Wow. Just... wow. Entertainment Weekly lists 25 memorable Nicolas Cage roles. Keep in mind that "memorable" does not necessarily mean good. In fact, most of these roles are memorably bad. You know, because Cage is the worst actor ever. Still not convinced? Look through EW's photo gallery. He has the same expression in all of them.
23. Charlie in Peggy Sue Got Married. The most annoying and nasally character ever. I hate this character so much.
22. McDunnough in Raising Arizona. Ugh.
21. Ronny Cammareri in Moonstruck. I'd rather watch Cher play opposite herself in this role. Or... she could've played opposite a cardboard cutout of Cage and it still would've been better.
18. Jack in Honeymoon in Vegas. Sadly, I've seen this movie three or four times. Surprisingly, I have not gouged out my eyes.

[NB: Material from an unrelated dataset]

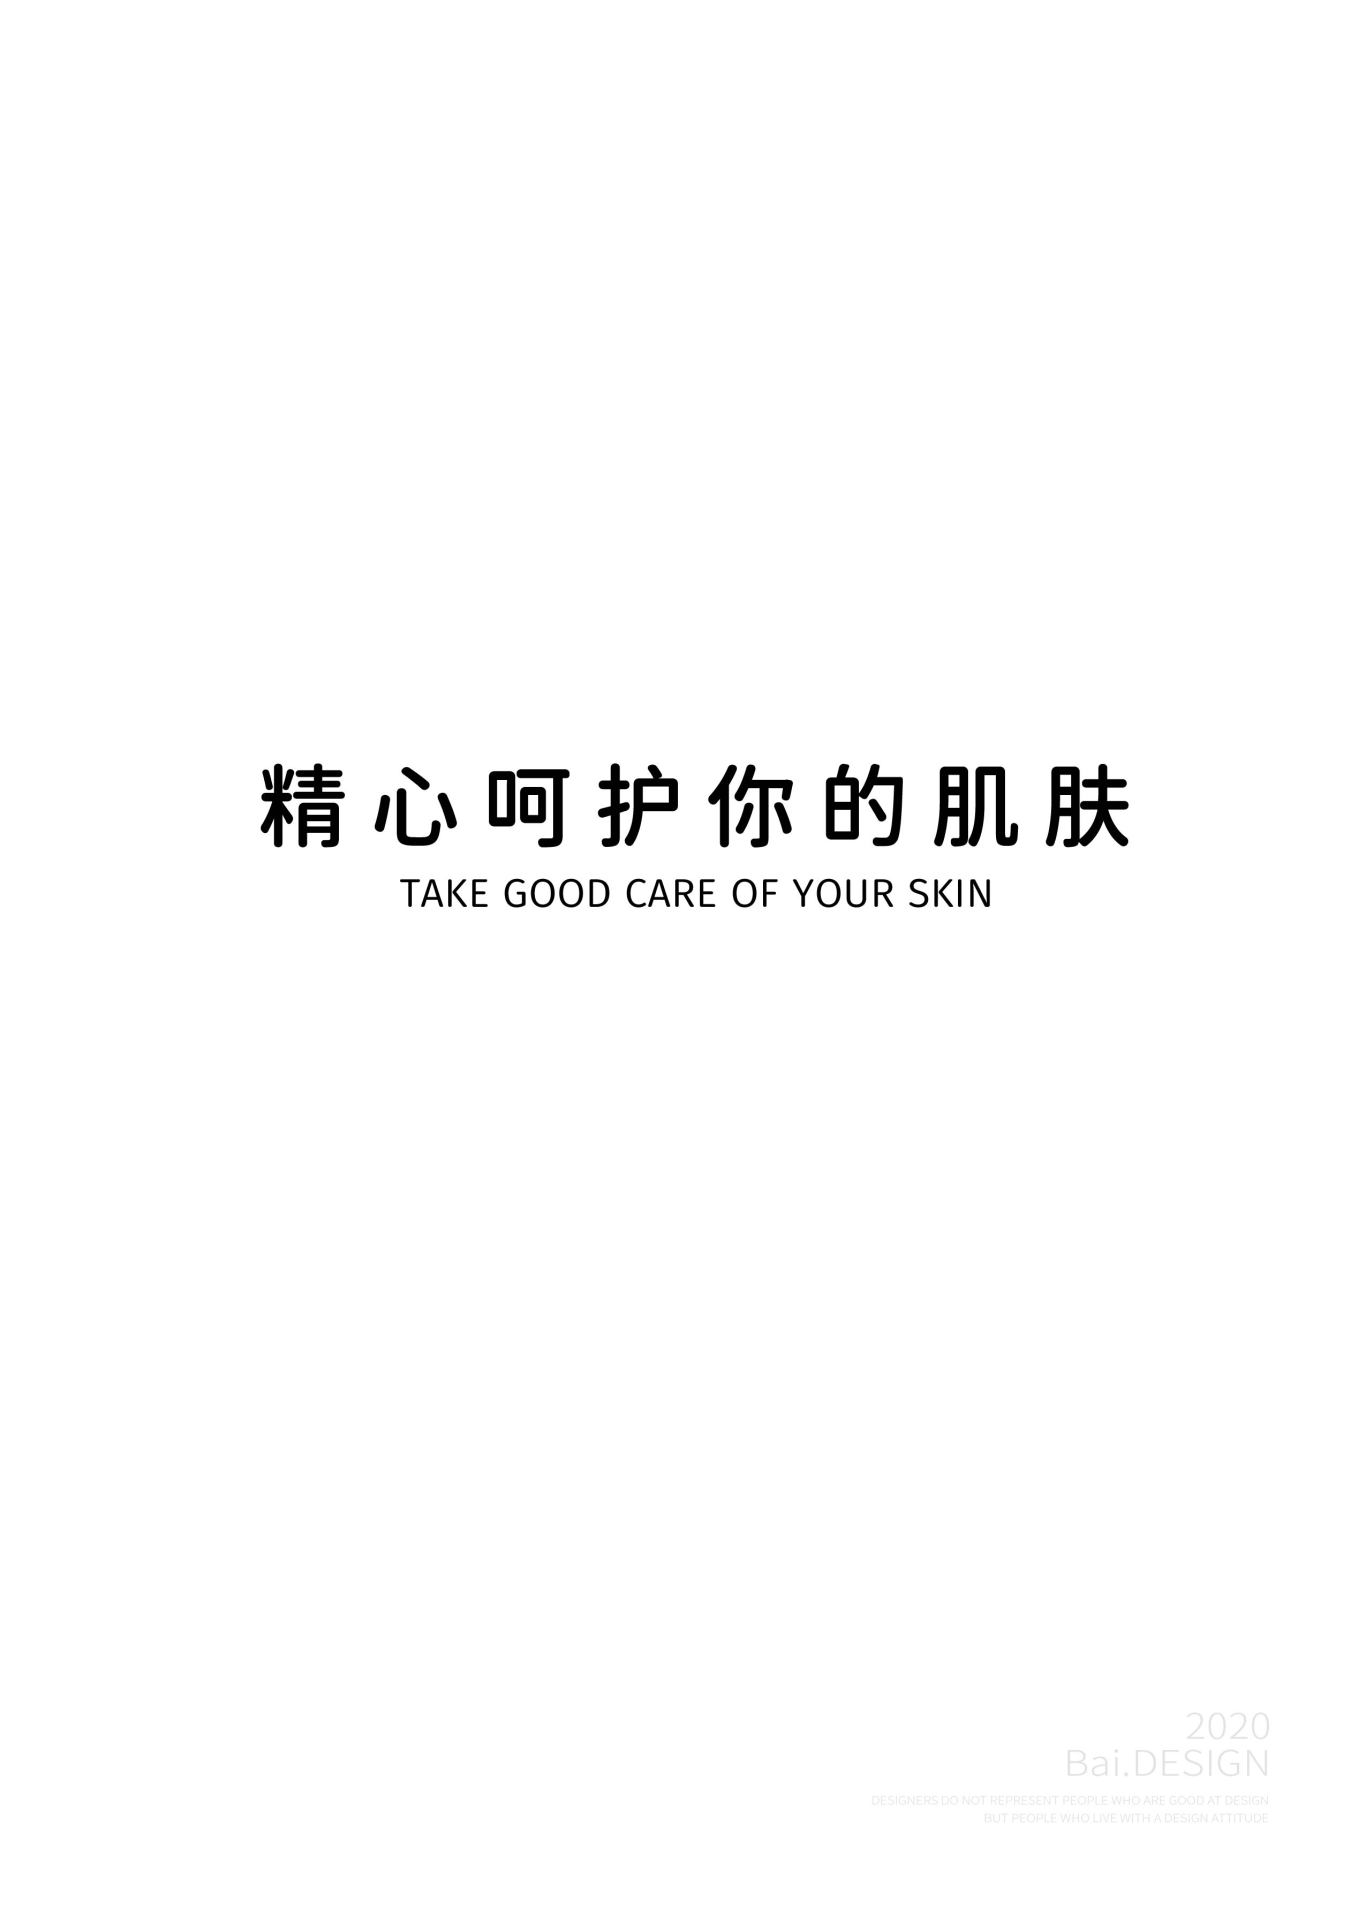 肌肤养护品牌酝颜堂logo设计图1

16. Charlie in It Could Happen to You. You may get this movie confused with Peggy Sue Got Married because both characters are named Charlie. You might also get them confused because the performances are equally awful.

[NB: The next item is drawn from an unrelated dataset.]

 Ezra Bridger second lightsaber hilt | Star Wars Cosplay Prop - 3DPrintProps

15. Ben in Leaving Las Vegas. The God-forsaken movie that gave him an Oscar. It's like Pulp Fiction for John Travolta... if the movie didn't exist, neither would his career.
14. Dr. Stanley Goodspeed in The Rock. Is it in Cage's contract to have crappy character names? See also Moonstruck and Wild at Heart.

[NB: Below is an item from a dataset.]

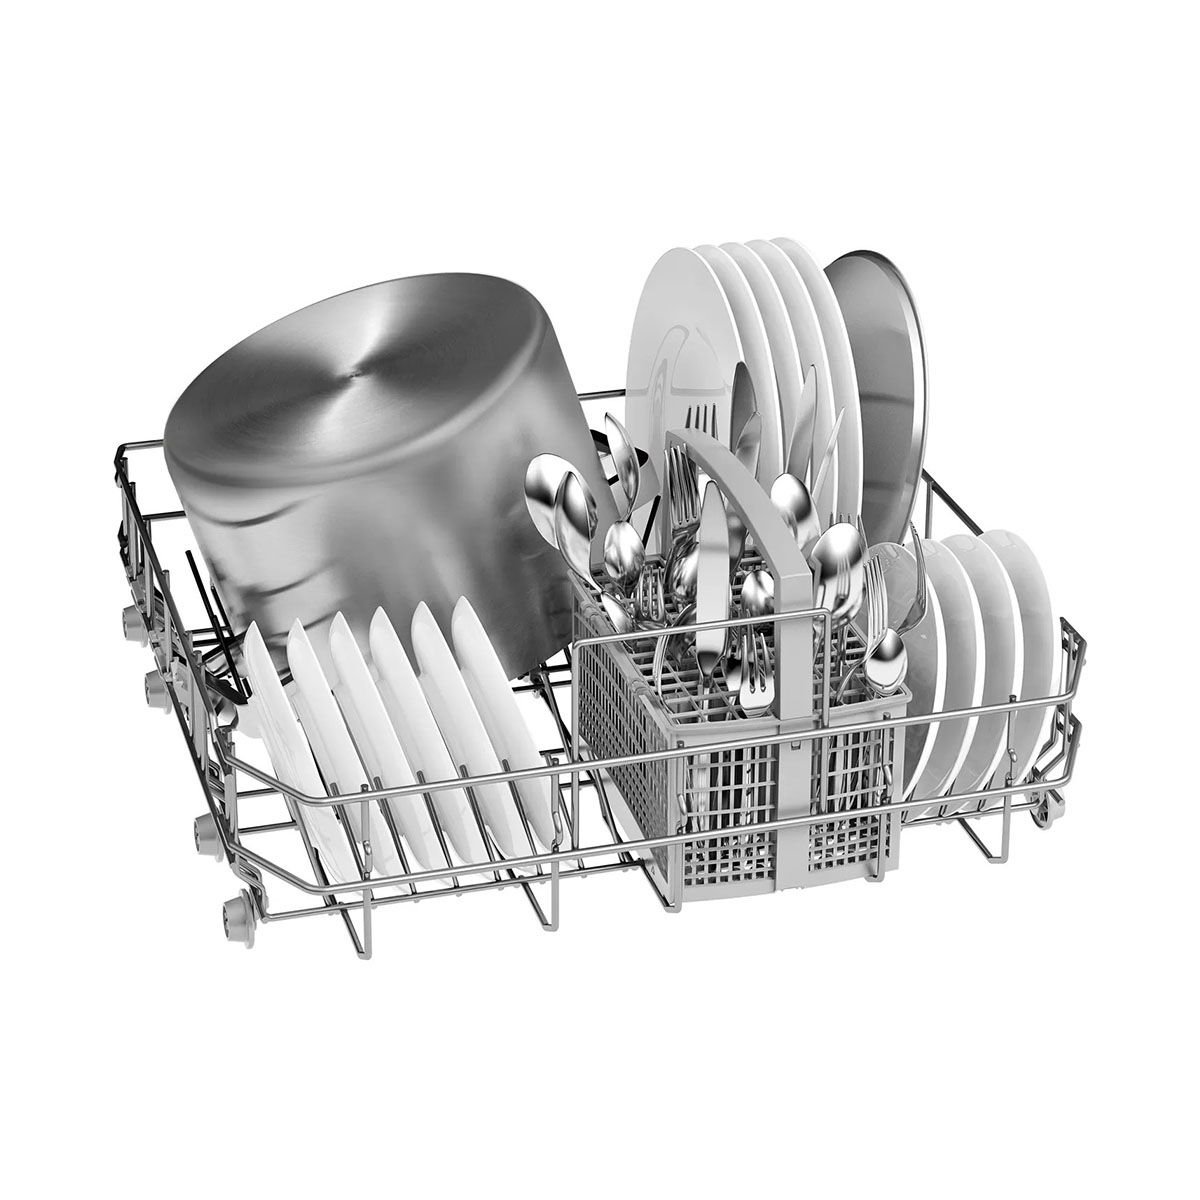 BOSCH เครื่องล้างจาน12ชุด รุ่น SMS23BW01T

12. Caster Troy/Sean Archer in Face Off. This movie is only watchable because of John Woo's directing. But make no mistake: the combination of John Travolta and Nicolas Cage will blow up your mind. It's just unnatural.
11. Seth in City of Angels. Horrible, trite, and unengaging remake. And this has to be Cage's most uninteresting role. He doesn't even change the inflection in his voice.
9. Frank in Bringing Out the Dead. "Considered one of the actor's best films since Leaving Las Vegas." That's like saying Tom Arnold's best film was True Lies. The actor stills sucks even if the movie is good.
7. Charlie/Donald Kaufman in Adaptation. Okay, I concede. The ONLY role of his that I actually enjoy. I love this movie (one of the few films I call "brilliant"), but realize that Cage works because Kaufman is a Cage-like character. He's still the same character from any of Cage's other movies.
5. Ben Gates in National Treasure. One of the worst movies ever. (Right next to National Treasure 2.) Cage should not play characters that are intelligent because he can't pull it off.
4. Yuri Orlov in Lord of War. I actually wanted to see this... but oh, Nicolas Cage is in it.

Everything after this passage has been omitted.